There is a tecnhique called a reverse undergravel filter where you are pumping water under the gravel and out, rather than sucking dirt into the gravel, which is promisng as using the gravel as a benificial bacteria growth surface, but I've never really felt it provided enough benifit for the amount of equipment required, and it does limit your other equipment choices in a planted tank environment.

I have a needlessly elaborate and overly complex filtration and life support system. Mainly because thats one of the areas I enjoy tinkering with. It tends to work pretty well though for a larger tank.
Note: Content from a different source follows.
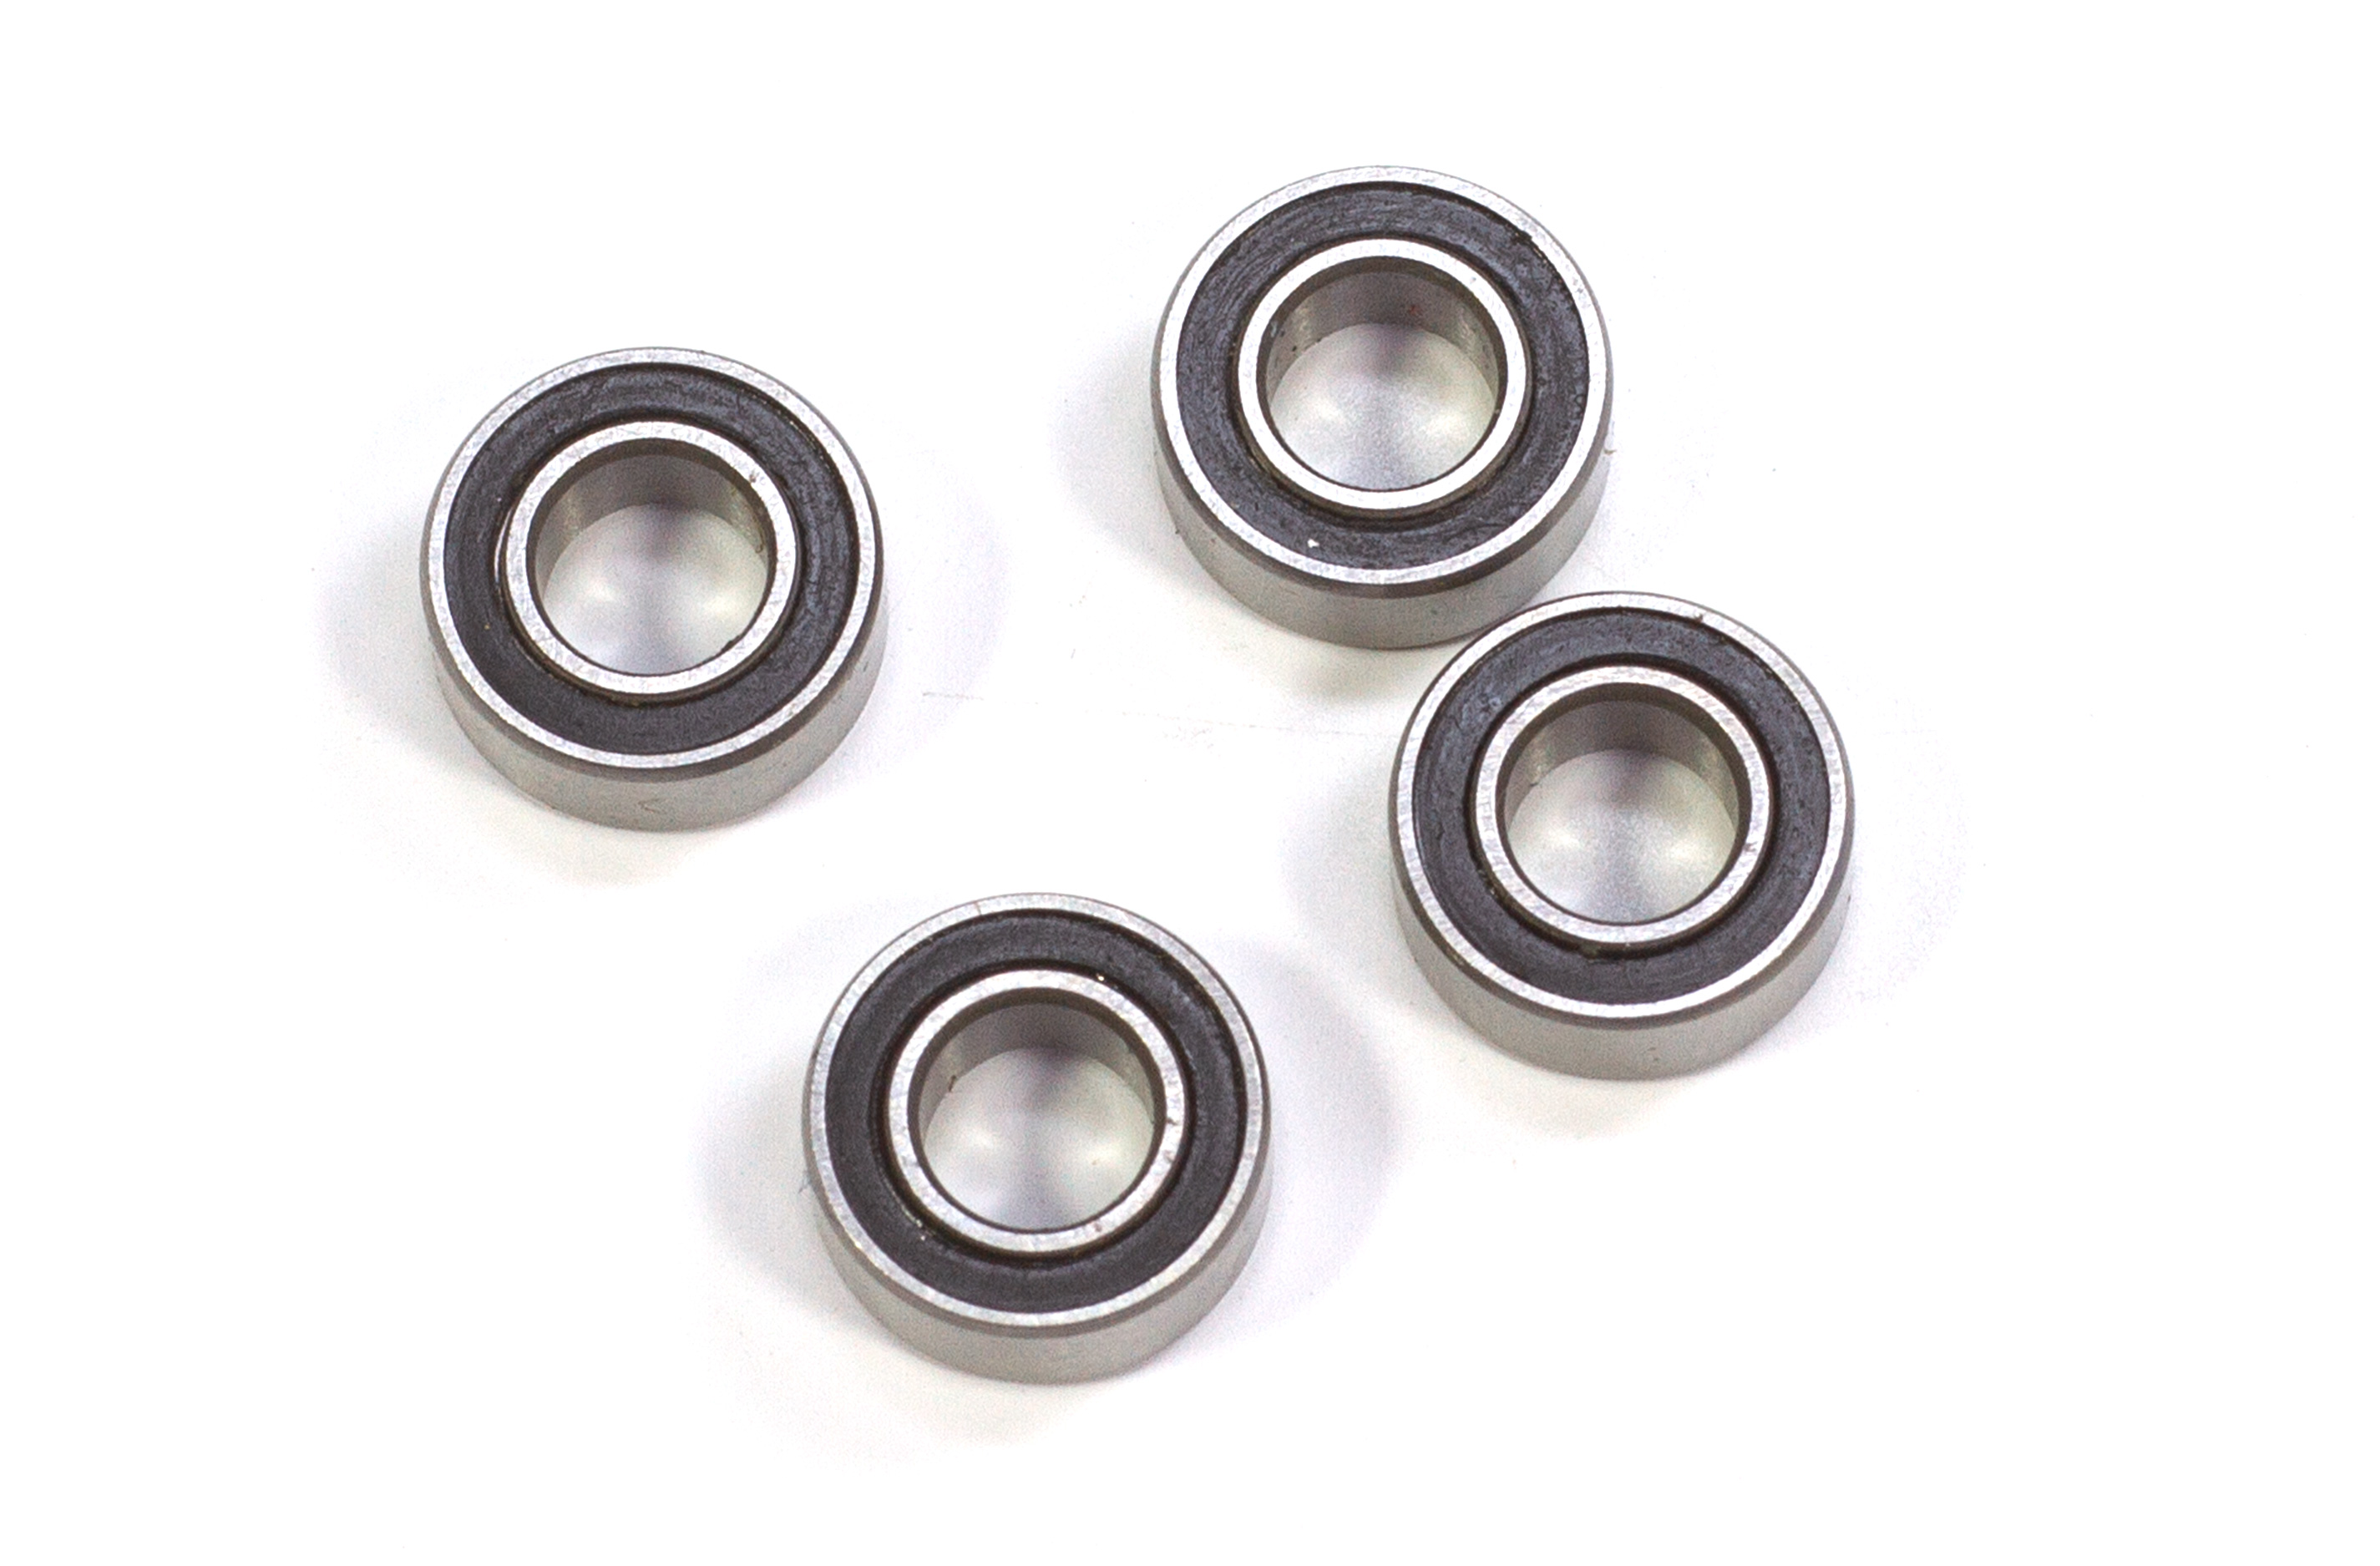 D01 Carson Ball bearing for Servo Saver 5x10x4 mm for Wild GP Attack

I started with a largeish custom acrylic tank built to my specifications. It is extra tall to accomodate angel fish, and rigged like a saltwater reef tank, with a drilled overflow and a durso standpipe in the back right corner. The water return to the tank is via a diffuser spraybar, to spread current around all the plants rather than just one spot. The water travels down the drain pipe underneith the aquarium to a custom designed sump / refugium. in here, the water travels through one major chamber of filter floss media to keep the particles out of the water, then over a bunch of carbon packs, a bunch of "bio balls" for benificial bacterai growth, and over a bio wheel. From there, it enters the refugium section, where I grow a ton of mosses and harvistable plants, and plants that tend to fix trace minerals that are harmful to fish, like baby mangroves. Those get thinned out every so often to remove toxins. From there it returns to the tank via pump. What this arrangement does is essentially double the surface area of my tank for oxygen exhange, without adding a huge amount more space to the area my tank takes up. I also have the sump set up on a timer, so that whenever the lights in the main tank are on, the lights in the sump area are off. In theory this causes the sleepint plants to produce oxygen and use c02, which is used by the plants up top. when the lights reverse, the oher plants take over. so essentially one set is always feeding the other set.
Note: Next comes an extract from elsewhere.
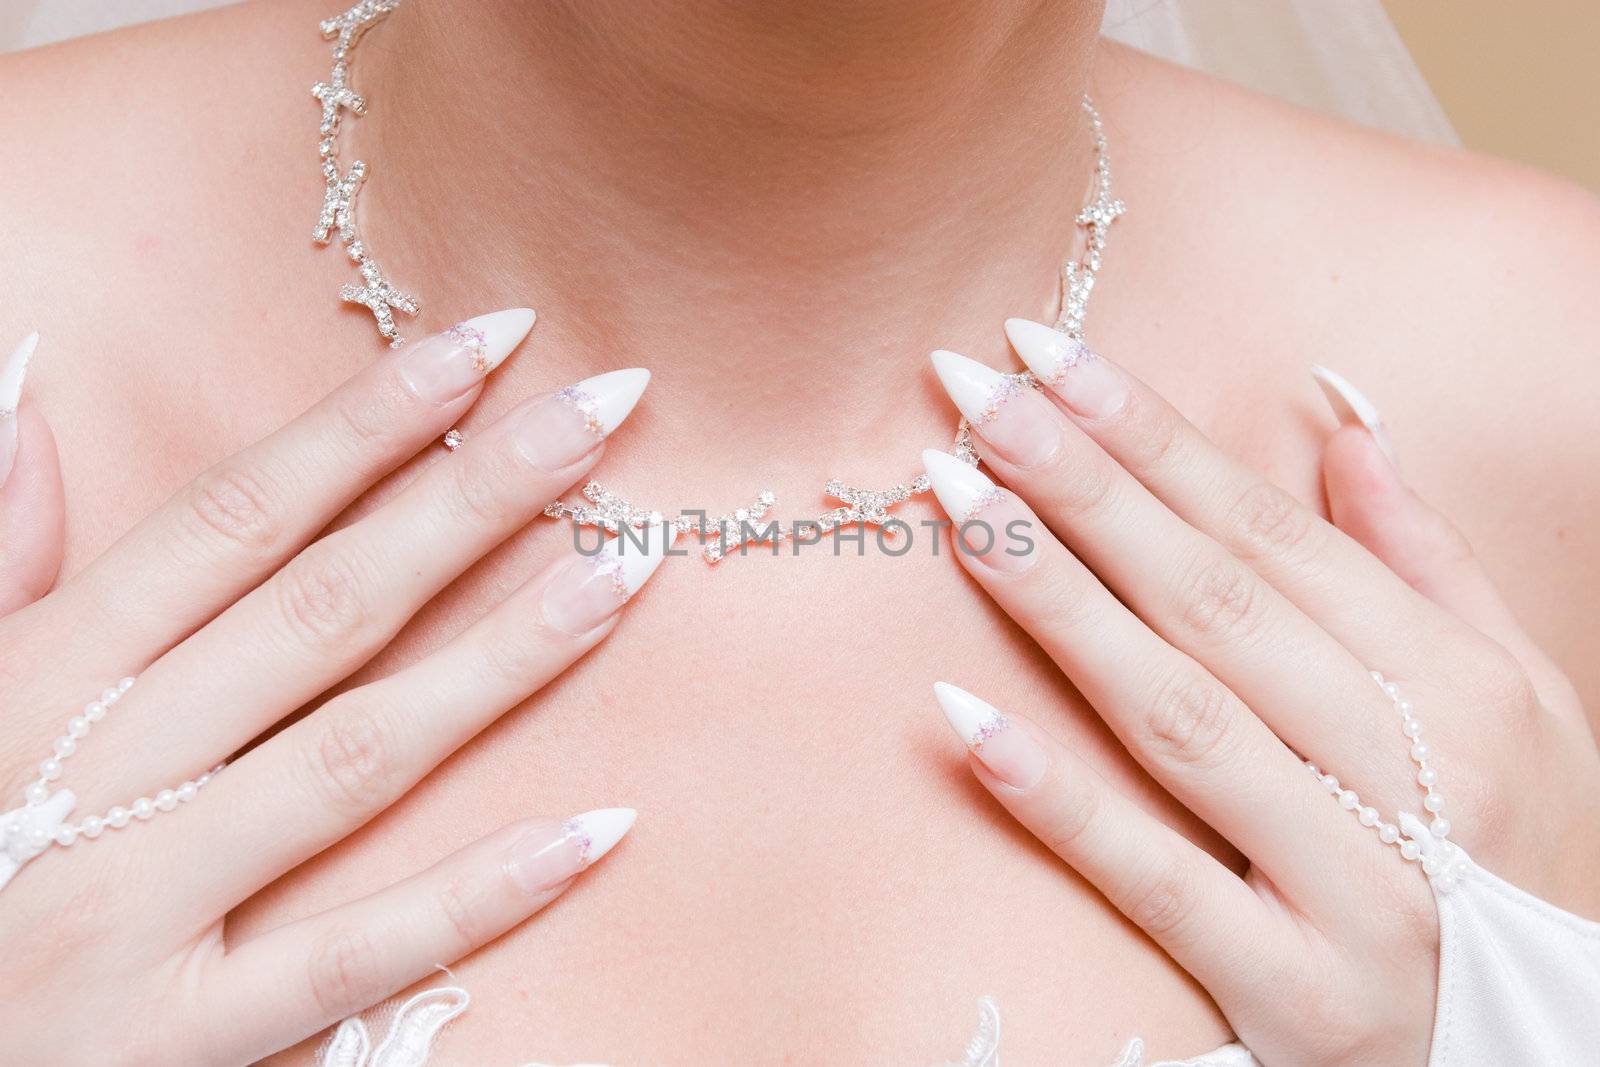 hands of the girl on the necklace

All the water from the sump also travels through a UV steralizer, which is necessary if you plan on keeping freshwater clams, but a good idea nonetheless.

The area used by the undergravel filter in most tanks is taken up by a plant root heating cable, which promotesr root growth. I have also deliberatly seeded the gravel with a few hundred trumpet snails http://www.yamatogreen.com/MalaysianTrumpetSnails.htm which eat all the decaying matter that makes it into the gravel. The gravel bed is extra thick, to accomodate the needs of the plants, but also to act as a de facto berlin filter.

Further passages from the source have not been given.